DETAILED DESCRIPTION OF THE INVENTION

[0033] Definitions

[0034] Unless otherwise made explicitly clear by context, the indefinite article “a” intends one or more of the objects referenced immediately thereafter.

[0035] As used herein, the term “cell” intends a eukaryotic cell. Unless otherwise made explicitly clear by context, the singular term “cell” equally intends a plurality of genetically identical cells, such as a plurality of cells from a clonal eukaryotic cell line. A “cultured cell” is a eukaryotic cell (or clonal eukaryotic cell line) that is maintained alive in vitro in nutrient media, or that has previously been propagated in vitro in nutrient media for at least one doubling.

[0036] “Genotypically distinct” cells have nonidentical genomic sequences.

[0037] A “target locus” is a genomic region that includes all exons of an expressed protein.

[0038] As used herein, two genotypically distinct cells are “coisogenic” with respect to one another if derived from a common ancestor cell and engineered to differ from one another in genomic sequence at a predetermined target locus. The genomic sequence differences at the target locus must be sufficient to alter the amino acid sequence encoded at the target locus by at least one amino acid. The term “coisogenic” permits of changes as between the genomes of the genotypically distinct cells additional to the changes at the target locus.

[0039] “Exceptionally coisogenic” cells are coisogenic cells that differ in genomic sequence by no more than 0.05%, excluding changes at the target locus.

[0040] “Perfectly coisogenic” cells are coisogenic cells that differ in genomic sequence by no more than 0.005%, excluding changes at the target locus.

[0041] Cells, or genetic alterations, therein are said to be “legacy-free” if lacking in heterologous genetic elements within 10 kilobases of an engineered genomic sequence alteration. When used with respect to coisogenic cells, the cells are legacy-free if lacking in heterologous genetic elements within 10 kilobases of any codon of the target locus.

[0042] As used herein, “heterologous genetic elements” are sequences of greater than 25 consecutive nucleotides that derive from—and that can thus be shown to be present in—species different from that from which the coisogenic cells derive; heterologous genetic elements thus include, inter alia, all genetic elements derived from prokaryotic cells, including prokaryotic genomic DNA; genetic elements derived from prokaryotic episomes, including fertility factors; genetic elements derived from bacteriophage; as well as genetic elements from eukaryotic viruses.

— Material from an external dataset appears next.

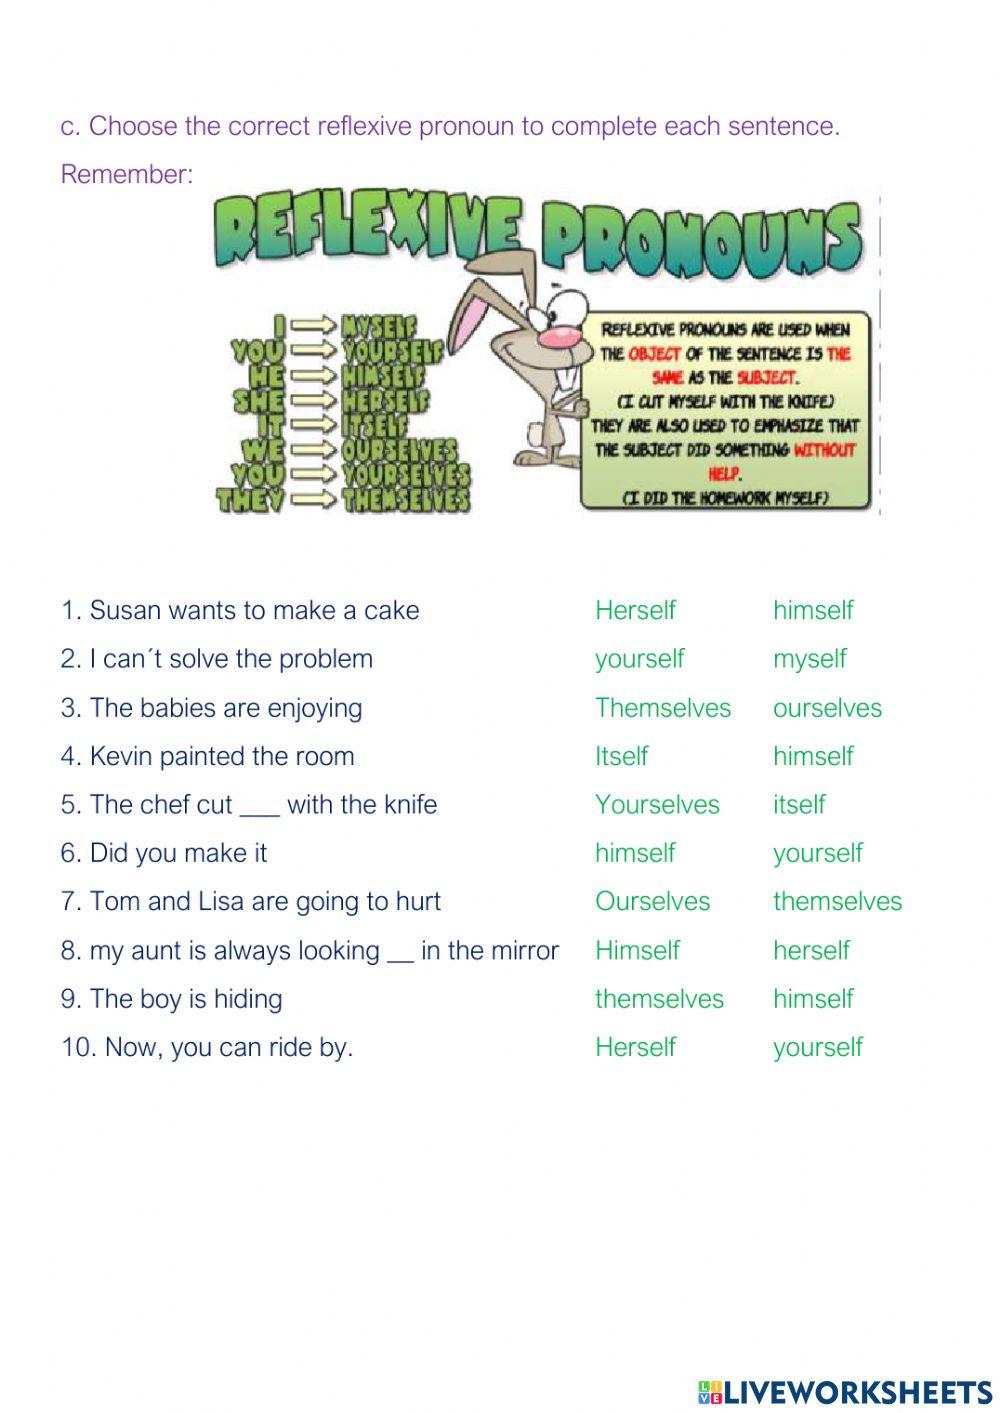 Grammar study guide 5th. part 1

[0043] As used herein, the term “collection”, as applied to cells, intends that the cells are in sufficient spatial proximity to one another as readily and contemporaneously to be subject to the same experimental protocol. The term “library” is intended to be synonymous with “collection” in all respects.

[0044] As used herein, the term “xenobiotic” intends a foreign compound introduced into a biological system, such as an inorganic or organic compound foreign to the cell or organism under study, or a compound naturally present in the cell or organism under study but administered by normatural routes or at unnatural concentrations.

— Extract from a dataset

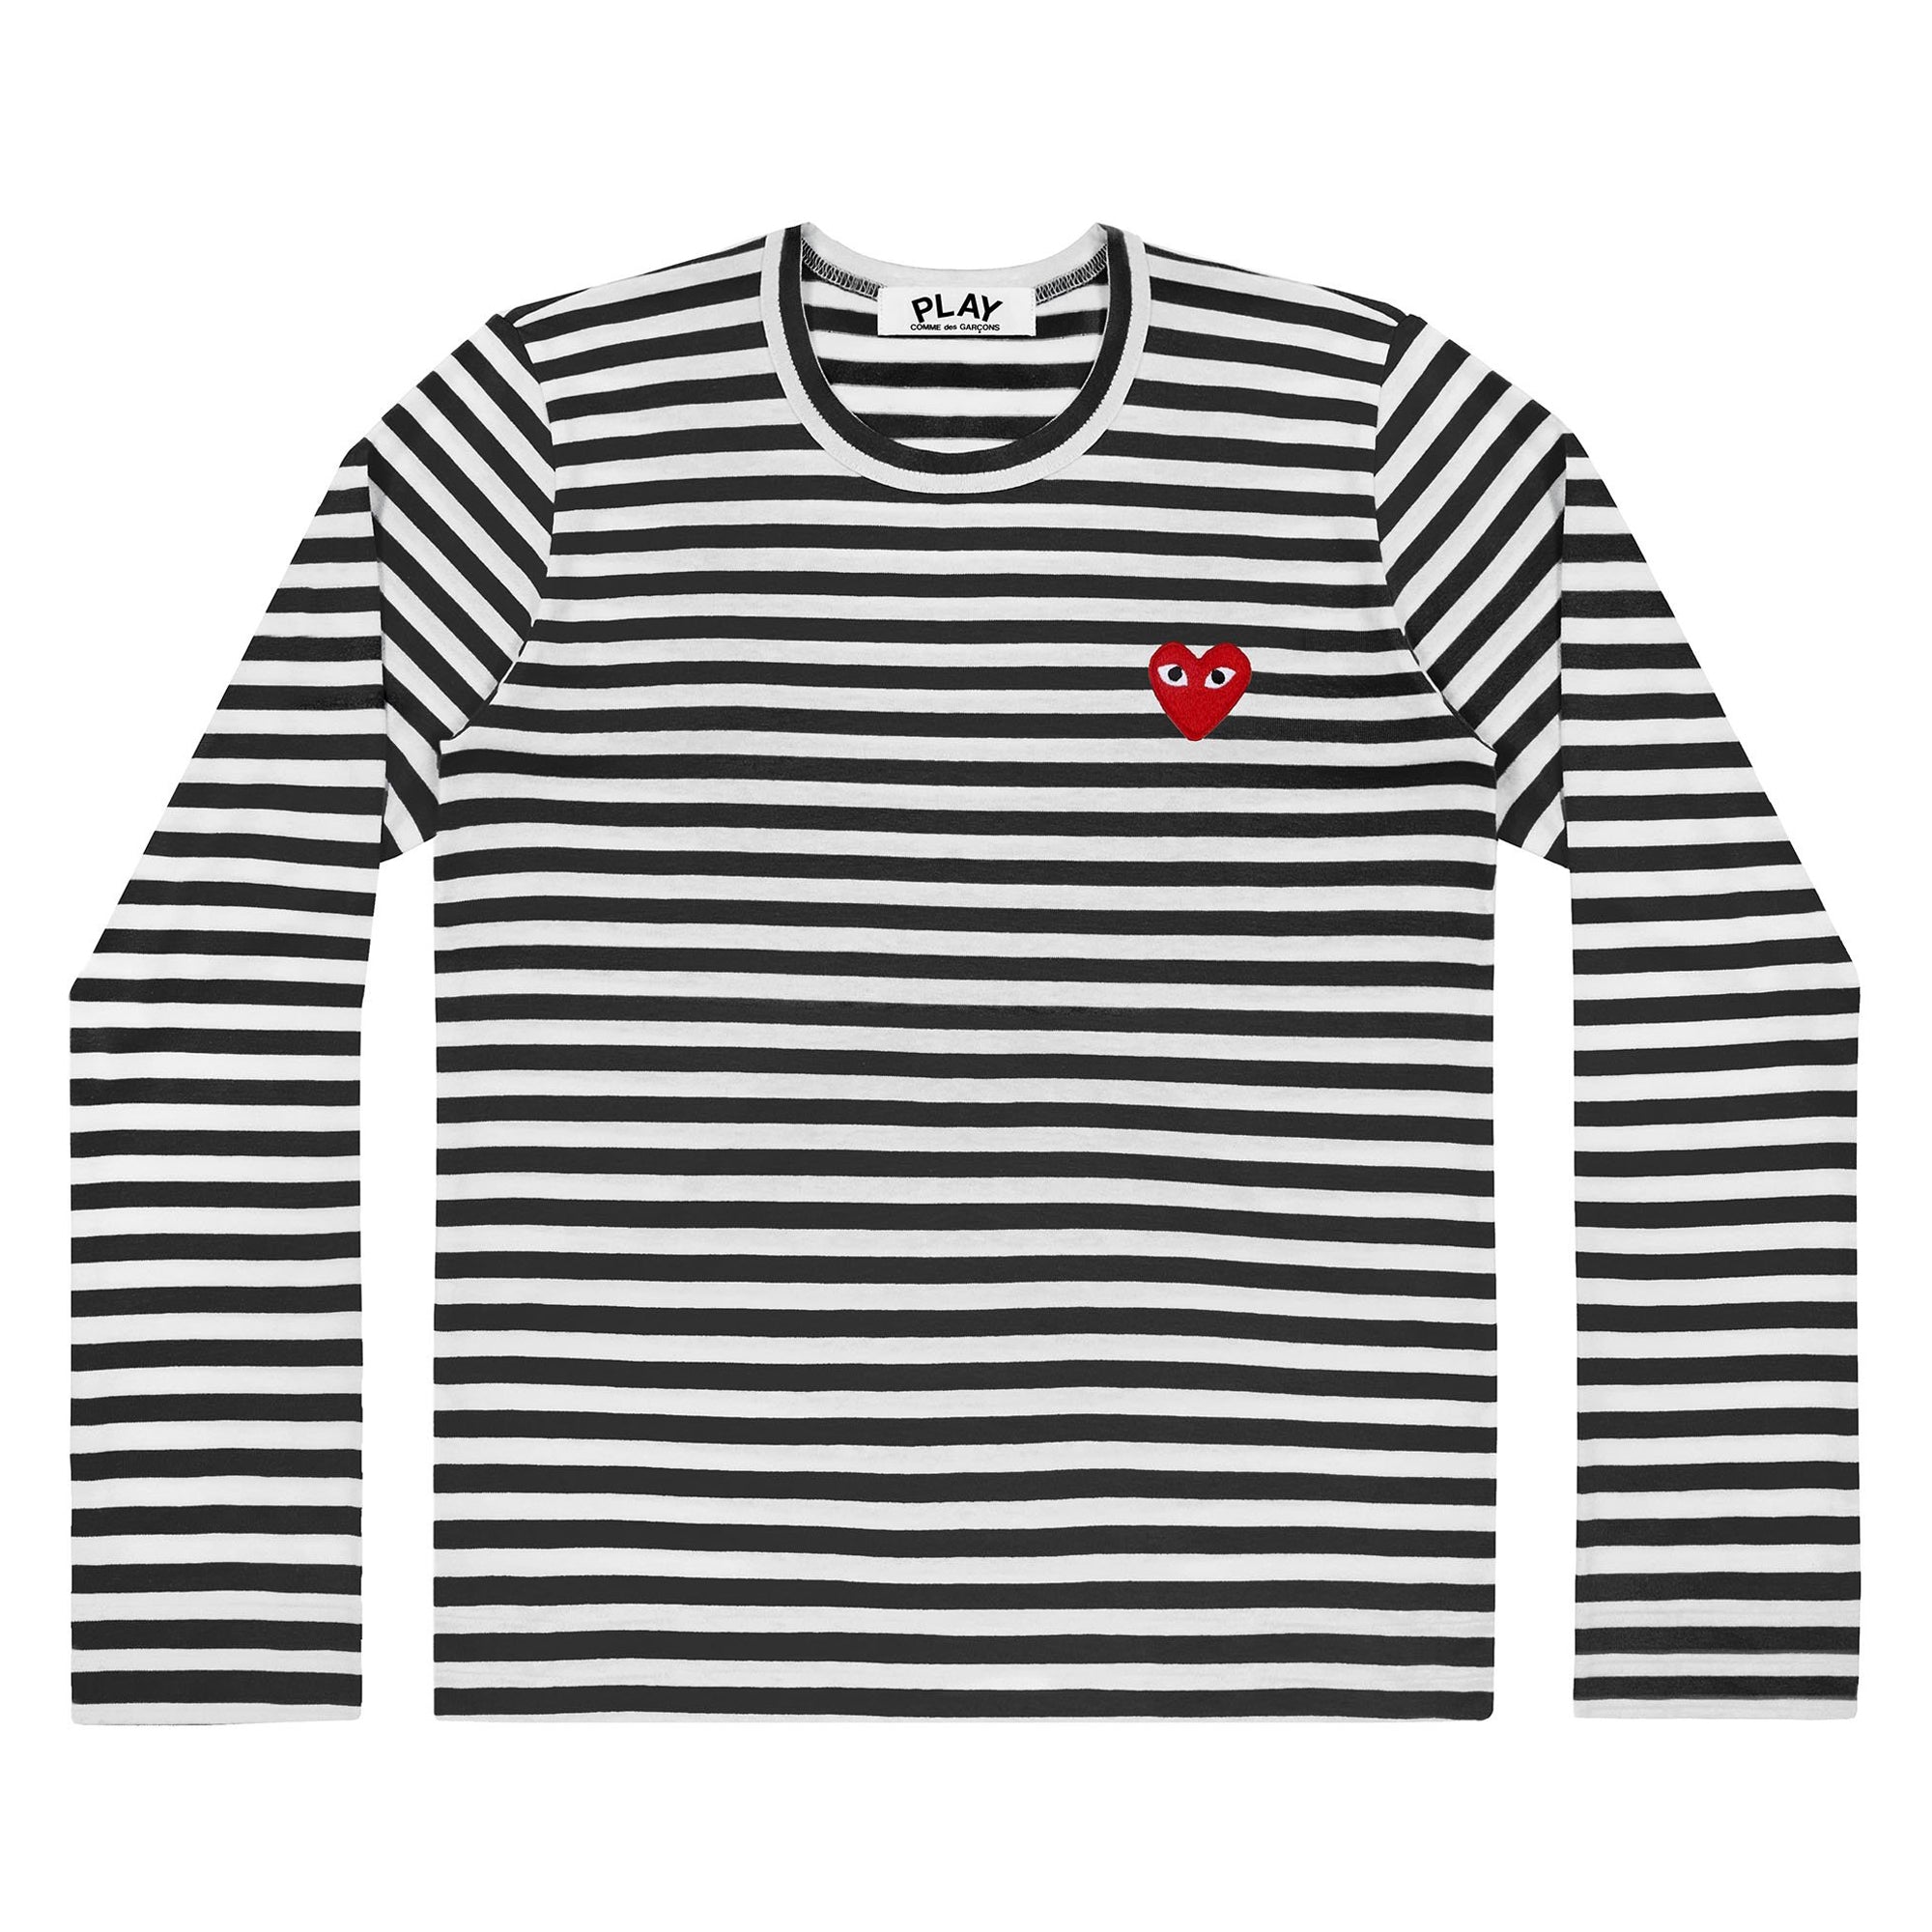 PLAY CDG Striped T-Shirt プレイコムデギャルソン-

[0045] Coisogenic Eukaryotic Cell Collections, Methods of Making, and Methods of Use

[0046] The present invention is made possible by our recent discovery of methods and compositions, to be described in further detail below, for creating site-specific mutations in genomic DNA of eukaryotic cells, including mammalian cells, at efficiencies and with a precision not hitherto achievable using homologous recombination or earlier approaches based upon oligonucleotide-mediated gene repair.

[0047] The methods permit point mutations to be targeted with high efficiency to genomic DNA incubated in cellular extracts, such as artificial chromosomes incubated in cellular extracts, and also permit mutations to be targeted with high efficiency directly into the chromosomes of cultured cells. The efficiency is sufficiently high as to obviate the concomitant insertion of selectable markers or other exogenous DNA, permitting cells with defined mutations to be created legacy-free. These methods permit us readily to create collections of coisogenic eukaryotic cell lines, including legacy-free, perfectly coisogenic cell lines, that possess targeted and discrete changes at given target loci.

[0048] These collections of coisogenic cells have substantial utility in pharmacogenomic studies, obviating the identification of naturally-occurring allelic variants, observation of naturally occurring clinically-relevant phenotypes in a human population, and association of the naturally-occurring allelic variants with the naturally-occurring, clinically-relevant phenotypes. In embodiments particularly useful for pharmacogenomic studies, the target loci at which the collection of cells are coisogenic encode proteins known to affect drug resistance (conversely, drug sensitivity), and drug metabolism.

[0049] The collections of coisogenic cells have further utility in studies of the structure-activity relationships of existing, and of potential new, therapeutic agents, permitting multiplex analysis of the effects of amino acid changes on ligand-receptor interactions. The collections of coisogenic cells are also useful in screening for agonists and antagonists of proteins that affect drug resistance, sensitivity, and metabolism.

[0050] Thus, in a first aspect, the invention provides a collection of at least 5 genotypically distinct cells, typically as a collection of at least 5 genotypically distinct eukaryotic cell lines. Each of the genotypically distinct cells (or cell lines) is coisogenic to the others of the genotypically distinct cells (or cell lines) in the collection at a common target locus. In addition, each of the genotypically distinct cells can be separately assayed.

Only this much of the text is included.